━━━━━ SUPPLIED DATA

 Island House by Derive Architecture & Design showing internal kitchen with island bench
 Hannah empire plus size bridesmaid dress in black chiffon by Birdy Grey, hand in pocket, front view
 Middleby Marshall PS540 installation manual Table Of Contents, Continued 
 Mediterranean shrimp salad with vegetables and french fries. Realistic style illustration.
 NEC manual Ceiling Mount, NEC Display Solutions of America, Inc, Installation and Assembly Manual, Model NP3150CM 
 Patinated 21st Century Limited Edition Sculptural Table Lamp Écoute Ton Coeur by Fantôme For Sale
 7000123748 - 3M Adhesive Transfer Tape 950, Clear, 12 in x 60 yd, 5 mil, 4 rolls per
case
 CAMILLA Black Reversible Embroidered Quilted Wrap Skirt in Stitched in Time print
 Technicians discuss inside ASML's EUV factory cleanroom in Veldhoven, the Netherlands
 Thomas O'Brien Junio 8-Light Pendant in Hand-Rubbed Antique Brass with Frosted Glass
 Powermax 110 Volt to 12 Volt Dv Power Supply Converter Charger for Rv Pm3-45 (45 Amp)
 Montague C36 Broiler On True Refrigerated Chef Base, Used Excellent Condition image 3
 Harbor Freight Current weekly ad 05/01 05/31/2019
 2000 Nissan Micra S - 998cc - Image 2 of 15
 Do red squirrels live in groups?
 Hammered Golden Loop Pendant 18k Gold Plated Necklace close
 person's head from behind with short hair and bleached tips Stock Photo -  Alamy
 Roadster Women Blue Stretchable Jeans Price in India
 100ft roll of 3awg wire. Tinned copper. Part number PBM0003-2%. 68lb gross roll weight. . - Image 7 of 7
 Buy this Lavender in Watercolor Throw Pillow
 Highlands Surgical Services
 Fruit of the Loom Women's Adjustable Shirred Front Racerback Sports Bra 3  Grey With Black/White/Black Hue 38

━━━━━━━━━━

# WHAT IS BEING ASKED
The answer must be a single number: how many lines in the listing above include the word "Pendant".

# RESPONSE TO THIS TASK
2